Flag of the United States

No one knows with absolute certainty who designed the first stars and stripes or who made it. Congressman Francis Hopkinson seems most likely to have designed it, and few historians believe that Betsy Ross, a Philadelphia seamstress, made the first one.

On June 14, 1777, in order to establish an official flag for the new nation, the Continental Congress passed the first Flag Act: "Resolved, That the flag of the United States be made of thirteen stripes, alternate red and white; that the union be thirteen stars, white in a blue field, representing a new Constellation."

Act of January 13, 1794 - provided for 15 stripes and 15 stars after May 1795.

Act of April 4, 1818 - provided for 13 stripes and one star for each state, to be added to the flag on the 4th of July following the admission of each new state, signed by President Monroe.

Executive Order of President Taft dated June 24, 1912 established proportions of the flag and provided for arrangement of the stars in six horizontal rows of eight each, a single point of each star to be upward.

Executive Order of President Eisenhower dated January 3, 1959 provided for the arrangement of the stars in seven rows of seven stars each, staggered horizontally and vertically.
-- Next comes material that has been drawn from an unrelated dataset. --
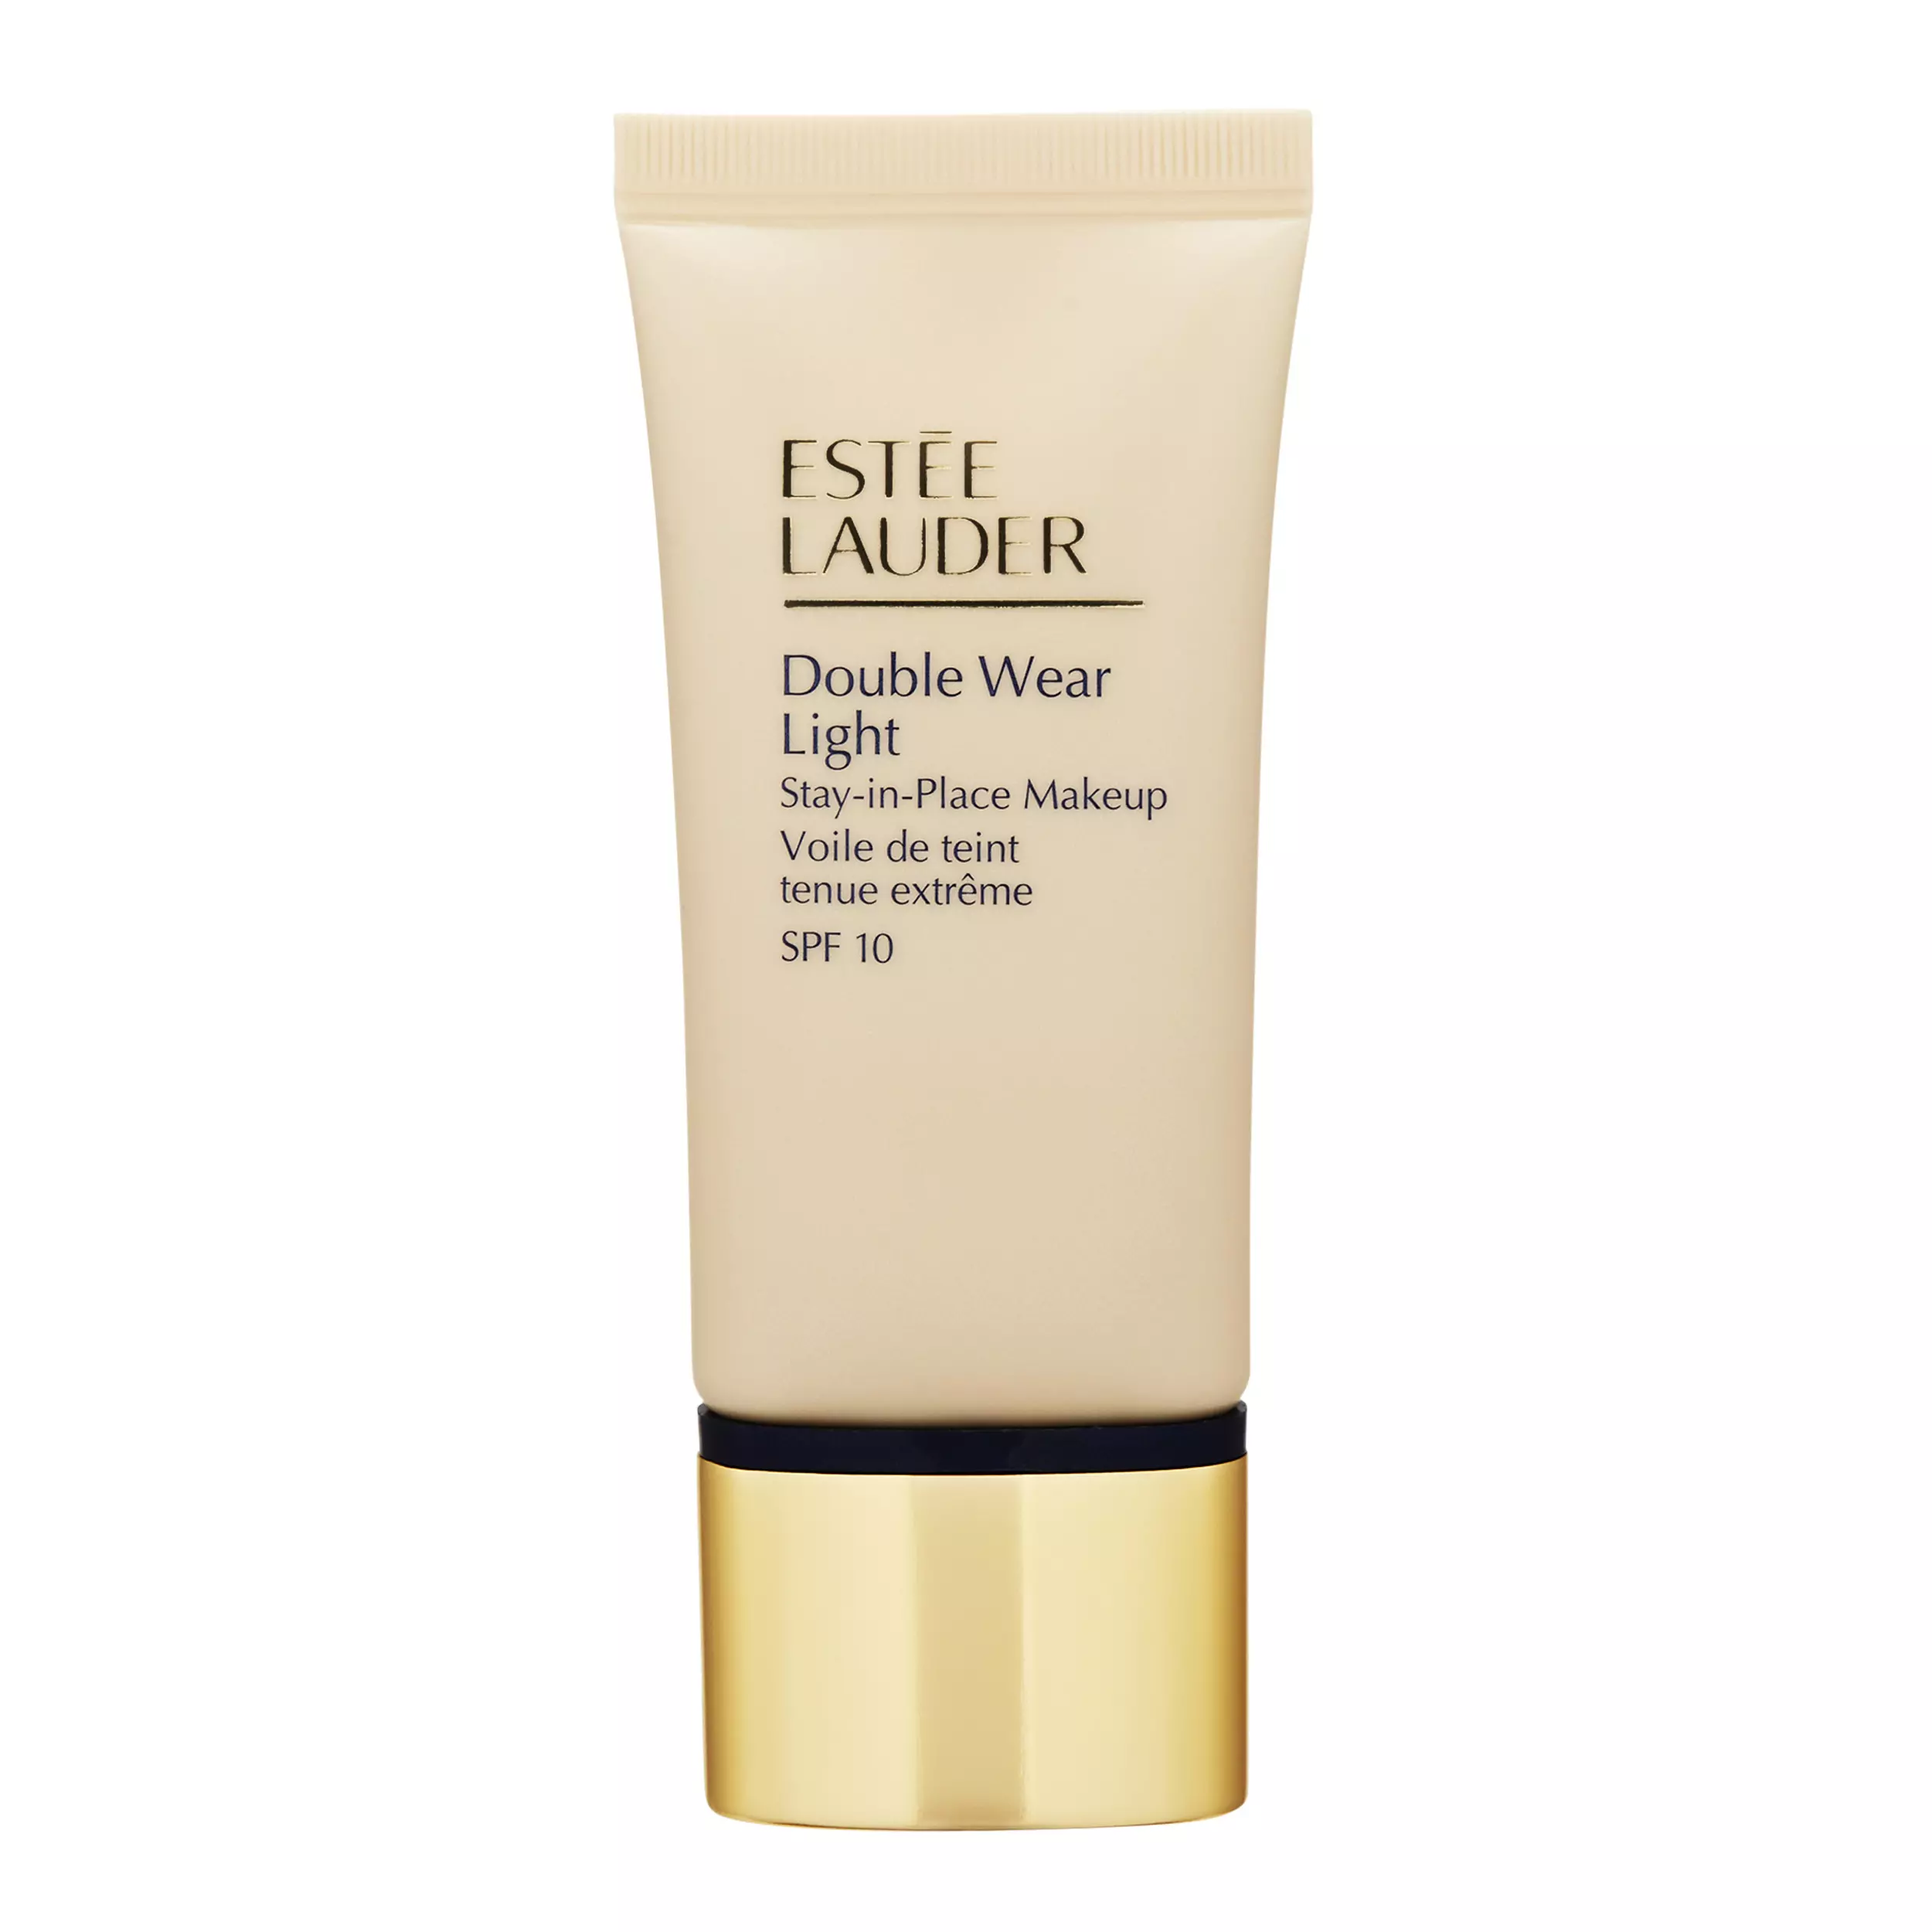 Estee Lauder Double Wear Light Stay In Place Makeup 2.0 | Glambot.com - Best deals on cosmetics

Executive Order of President Eisenhower dated August 21, 1959 provided for the arrangement of the stars in nine rows of stars staggered horizon tally and eleven rows of stars staggered vertically.

Seal and Coat of Arms

Seal and coat of arms of the United States

The American bald eagle is the most prominent feature of the obverse of the Great Seal of the United States. Across the breast of the eagle is a shield with 13 alternating red and white stripes (the pales) representing the 13 original States. Across the top of the shield is a blue field (chief) that unites all the stripes into one. The blue chief represents the United States Congress. In his talons the eagle grasps an olive branch representing peace, and 13 arrows representing war. Above the eagle are thirteen stars inside a circular design, representing a new constellation. In his beak the eagle grasps a flowing ribbon bearing the first motto of the United States: "E PLURIBUS UNUM", meaning "out of many, one".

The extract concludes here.